* **EXERCISE DESCRIPTION**: Write out the lines of the material below exactly, beginning at the line with "Programm Senegal - Deutschland 2017" and stopping after the line with "Cartoon sheep illustration by Alyana Cazalet", and leave out the pictures.

* **INPUT RECORDS**:
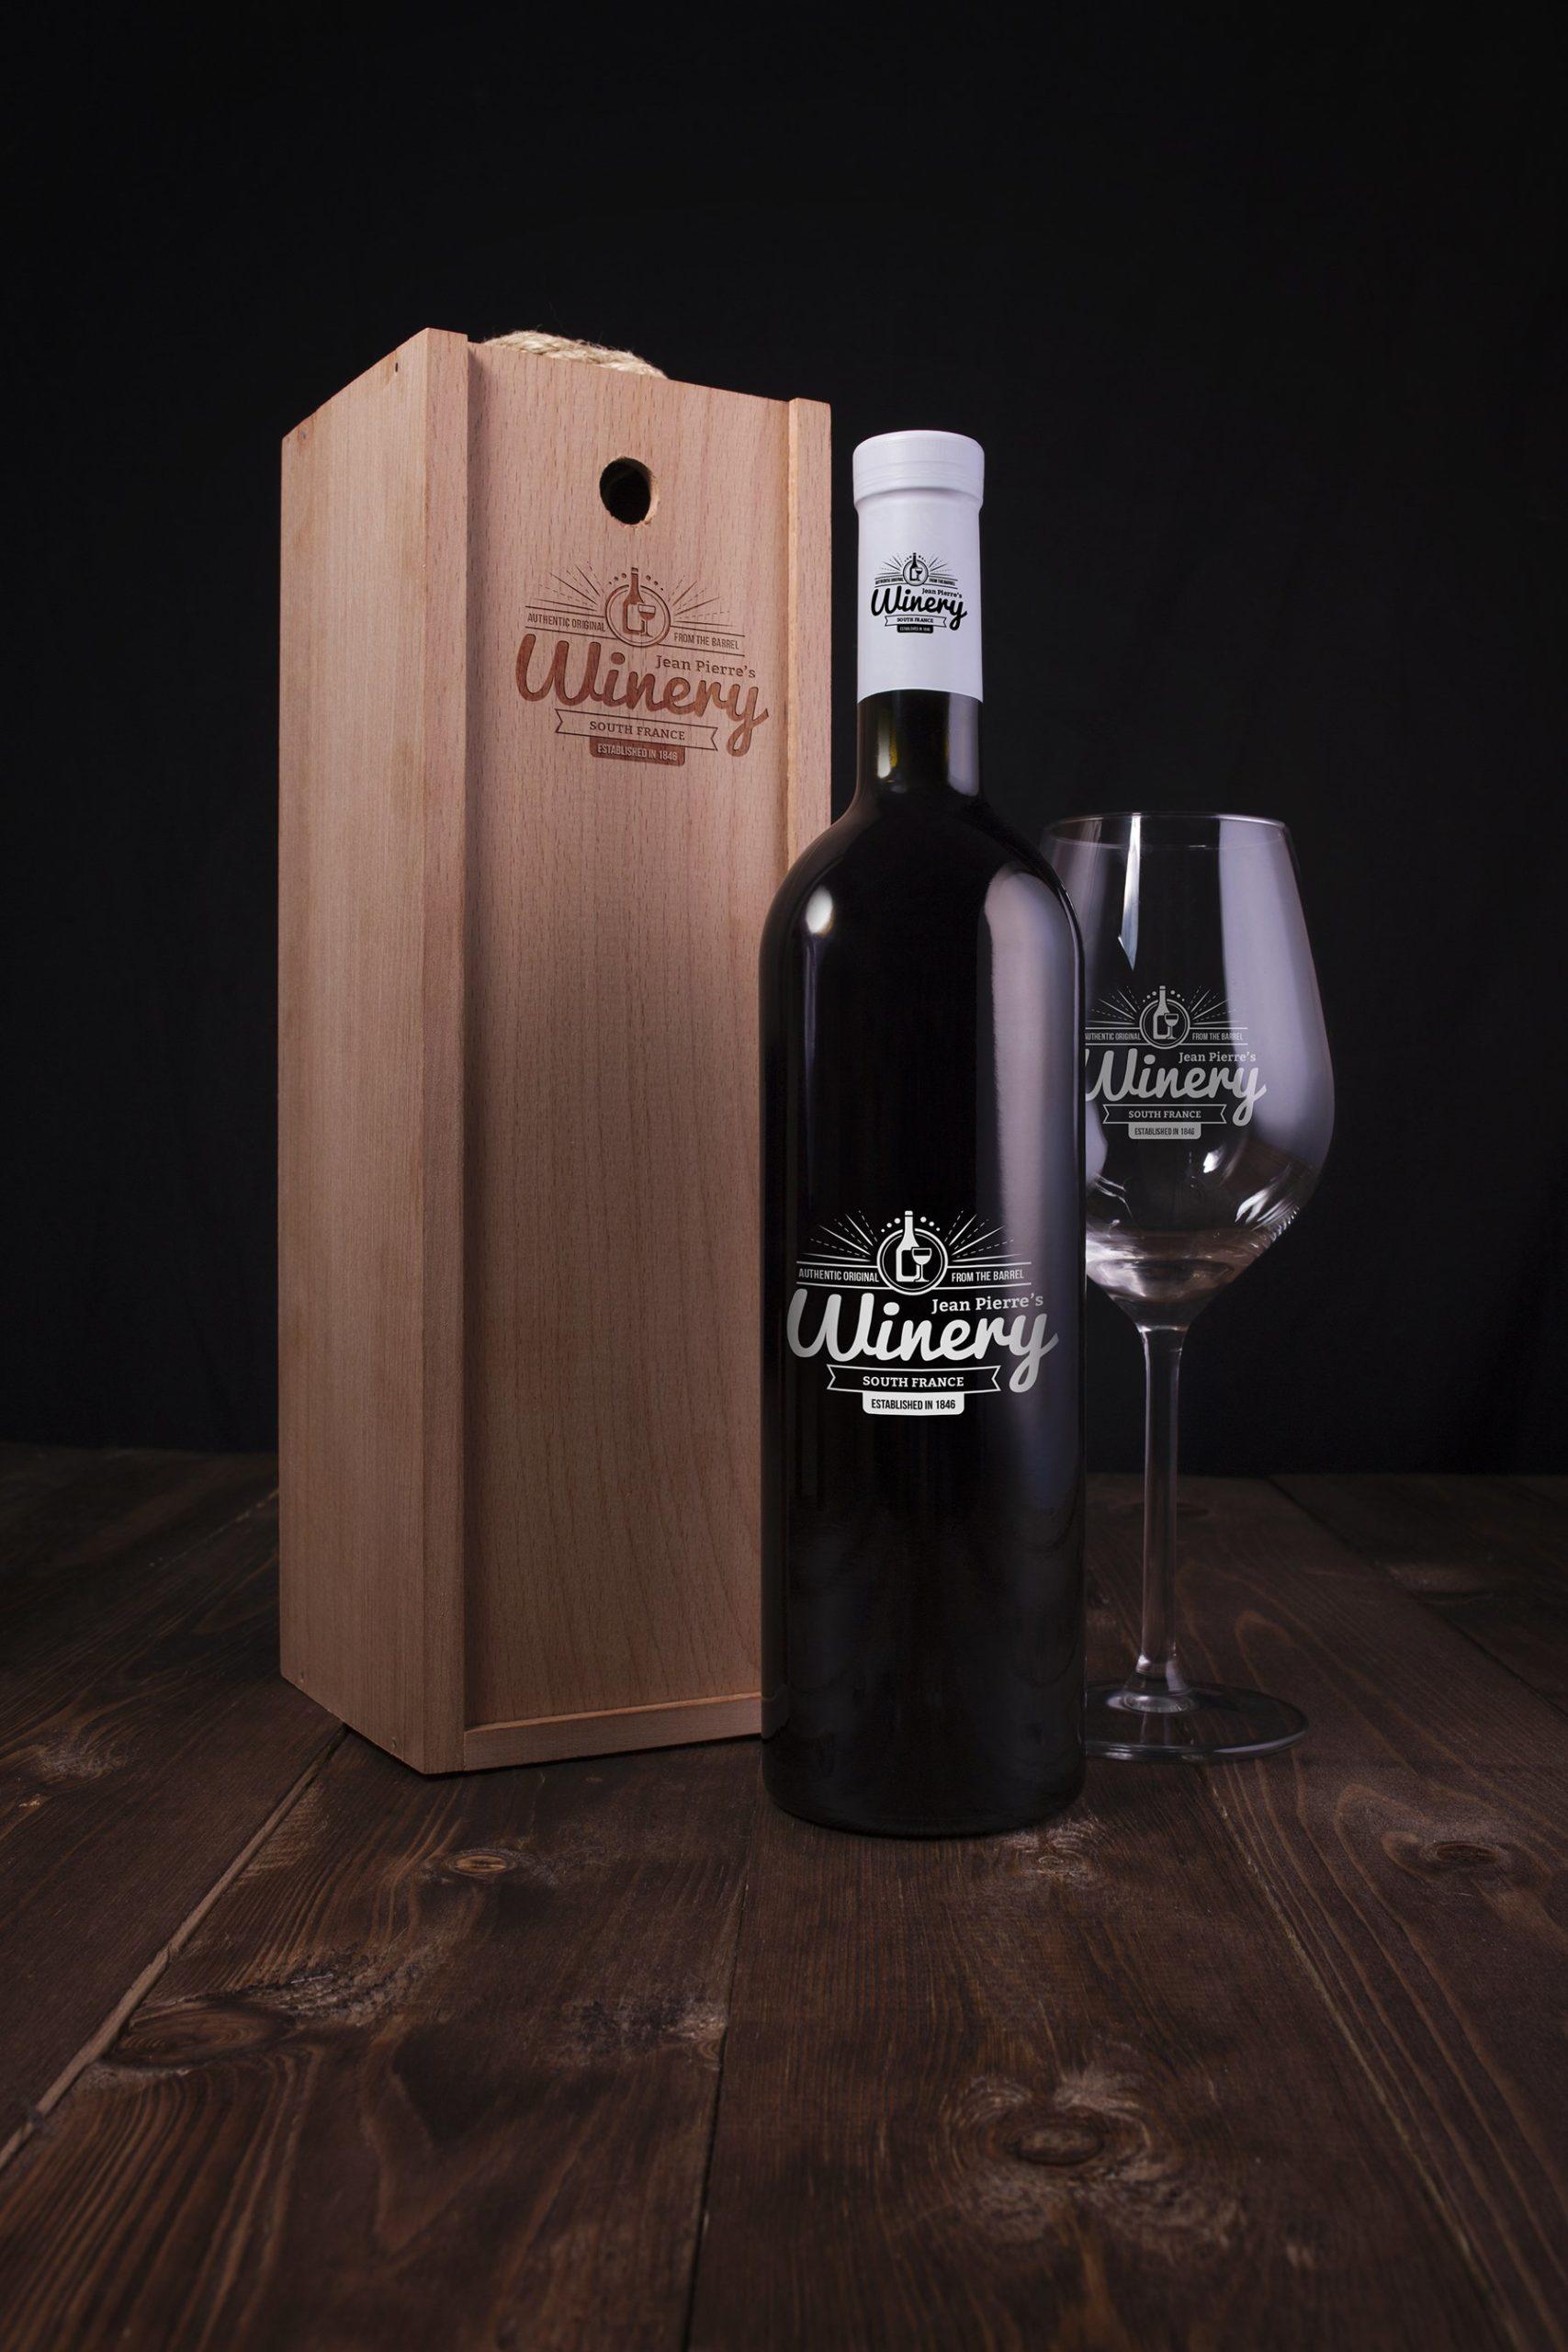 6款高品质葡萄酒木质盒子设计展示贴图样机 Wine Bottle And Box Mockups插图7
...
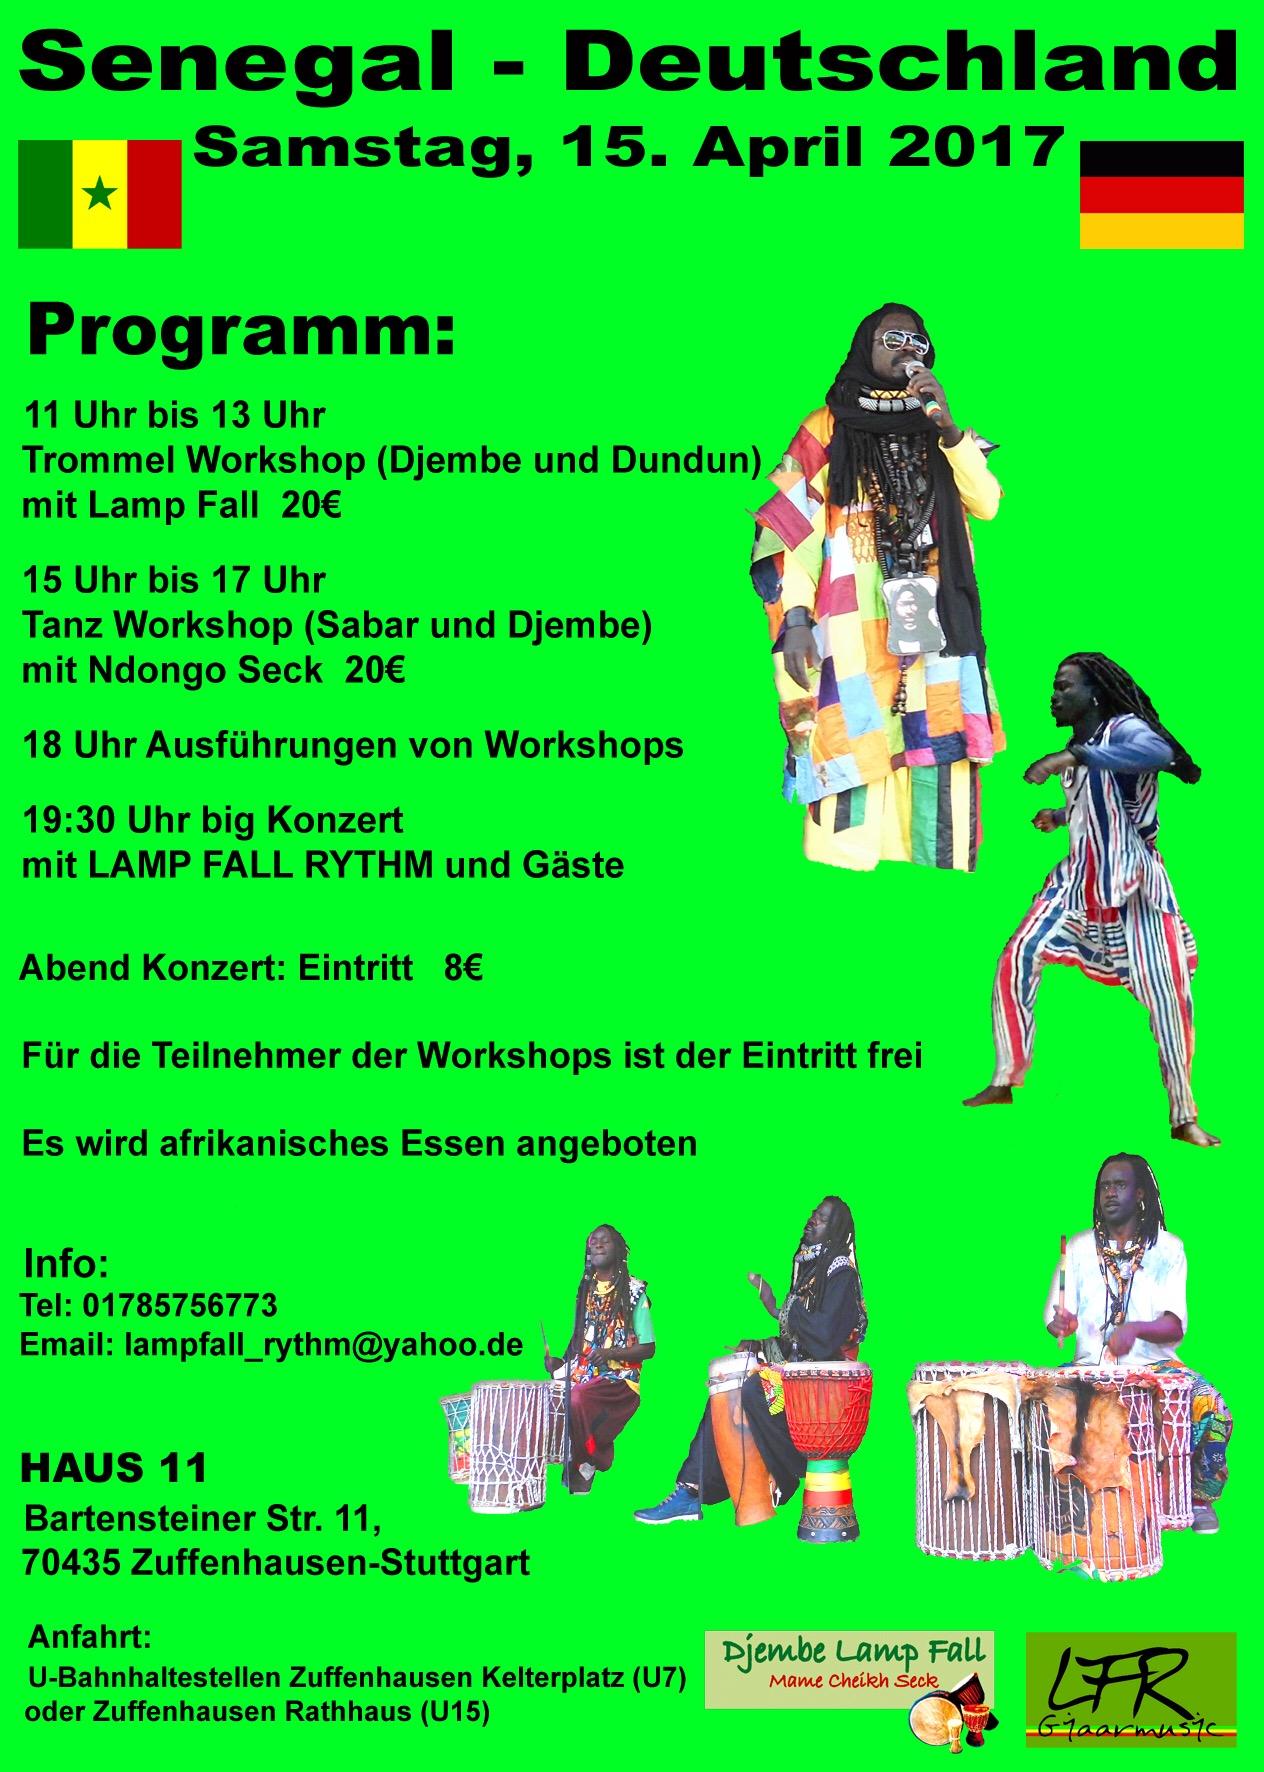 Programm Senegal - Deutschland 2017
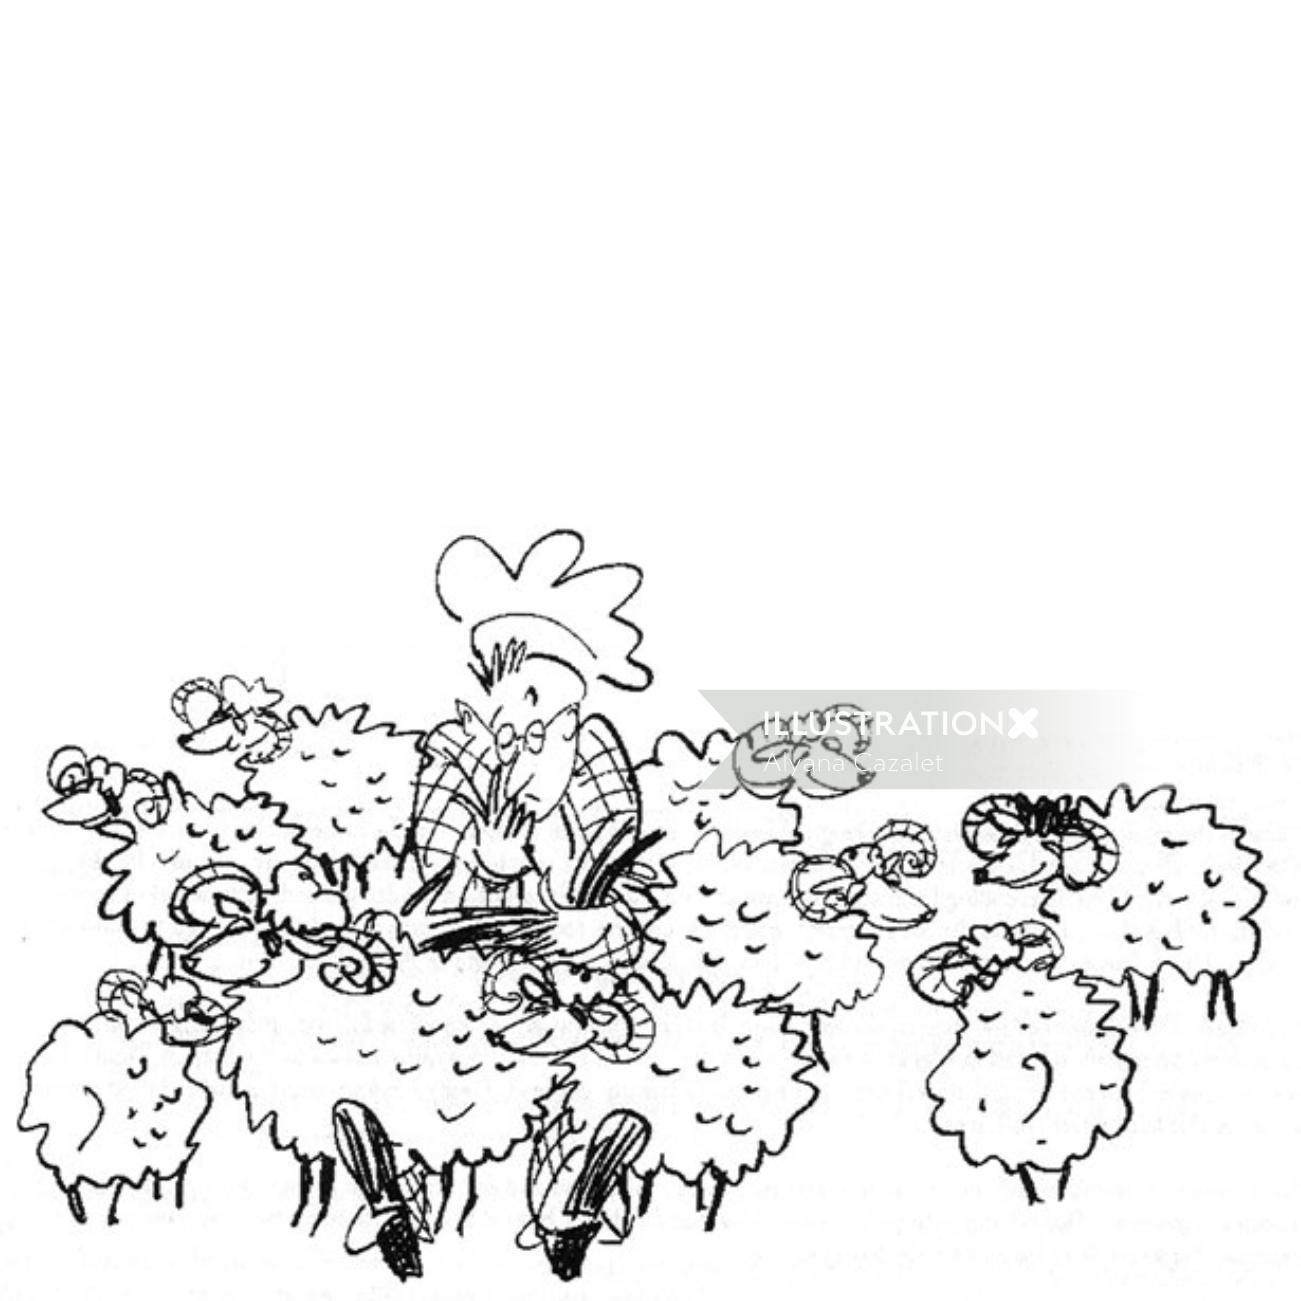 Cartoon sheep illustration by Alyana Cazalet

* **EXERCISE RESULT**:
 Programm Senegal - Deutschland 2017
 Cartoon sheep illustration by Alyana Cazalet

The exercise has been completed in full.